South Africa Needs New Heroes


There is no doubt South Africa’s first democratically elected president Nelson Mandela, who will be buried on December 15 at his village in Qunu in the Eastern Cape, has left a gigantic mark in the history of the world.

Mandela’s legacy is particularly well defined in the struggle for freedom and emancipation. There is no doubt, Mandela, one of Africa’s most revered icons played a great part in freeing South Africa from the yoke of apartheid. He fought tenaciously for the liberation of his motherland and fellow countrymen and women. Together with other veterans of the struggle against the racist apartheid system, Mandela did his part, which will forever be an imprint on the history of South Africa, the people of the African continent and all progressive people of this world.

Mandela’s achievements are as towering as they come, a lifetime sacrificed for the freedom of a nation and its people. Heroes will continue to emerge from this continent but Mandela and those of ilk occupy, and will continue to occupy, a special place in Africa’s and indeed the world’s Hall of Fame. Faced with mammoth obstacles, Mandela and his comrades never wavered until they delivered freedom to the people of South Africa. And for the past 19 years, South Africans have enjoyed the right to vote for people of their choice into political leadership positions. It is a right that Mandela and many others such as Oliver Tambo, Walter Sisulu, Steve Biko and Joe Slovo fought hard to ensure it came to fruition.

The composition of the thousands of leaders and mourners, who gathered at the FNB Stadium in Soweto, Johannesburg this past Tuesday to pay tribute to Mandela at his memorial service, is testimony of the influence or the mark this man left.

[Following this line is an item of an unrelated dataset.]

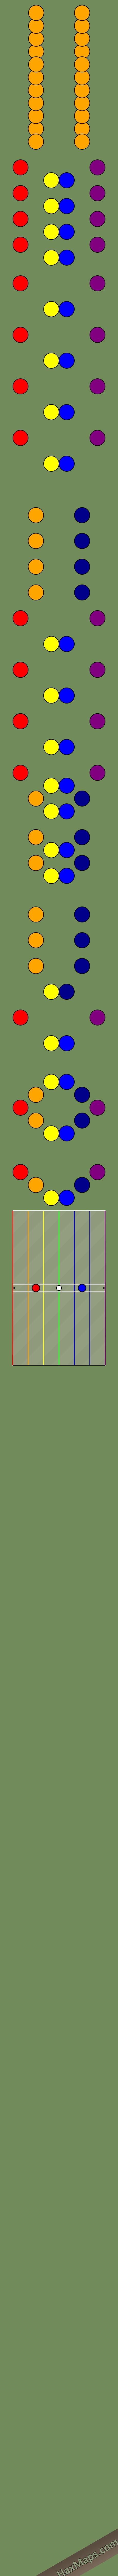 hax ball maps | Rhythm Haxball normal 1

More people from diverse backgrounds are expected to bid farewell to this great African liberator at his burial in Qunu in the Eastern Cape today (December 15).

This is all proof that Mandela’s contribution to freedom and emancipation is undisputed. But as many analysts and observers have been pointing out, political freedom should be backed by economic empowerment of the majority people of any particular country. That has not been the case in South Africa. Nelson Mandela and his successors have not been able to give land to black South Africans and economically empower them.

White South Africans still enjoy and take pride in maintaining economic power while being able to maintain undue political influence not befitting their minority numbers. The current state of affairs in South Africa is in contrast to the ruling African National Congress’ Freedom Charter, adopted on June 26, 1955, and begins with the promise that: “The People Shall Govern…” It promises land to the landless, equality, free and compulsory education as well as freedom of movement and more. 

From prison, Mandela wrote a note to his supporters in January of 1990, a month before his release. Here’s what he wrote:

“The nationalisation of the mines, banks and monopoly industries is the policy of the ANC, and the change or modification of our views in this regard is inconceivable. Black economic empowerment is a goal we fully support and encourage, but in our situation state control of certain sectors of the economy is unavoidable.” But this remains a pipedream nearly 20 years after South Africa gained political independence.

“South Africa remains one of the world's most unequal societies and whites still control huge swathes of the economy. In the words of leading trade unionist Zwelinzima Vavi, its structure is akin to an Irish coffee – black at the bottom, with some white froth and a sprinkling of chocolate on the top.

“On average, a white household earns six times more than a black one, and nearly one in three blacks is unemployed, compared with one in 20 whites. Such ratios are fodder for critics of the 1994 settlement that brought the curtain down on nearly half a century of institutionalised white-minority rule and saw Mandela anointed South Africa's first black president,” reported Reuters news agency. What South Africa needs now are new heroes to take further the struggle of the people of that country. Mandela and his contemporaries delivered political freedom and those who have taken over the baton should complete the marathon to total political and economic emancipation.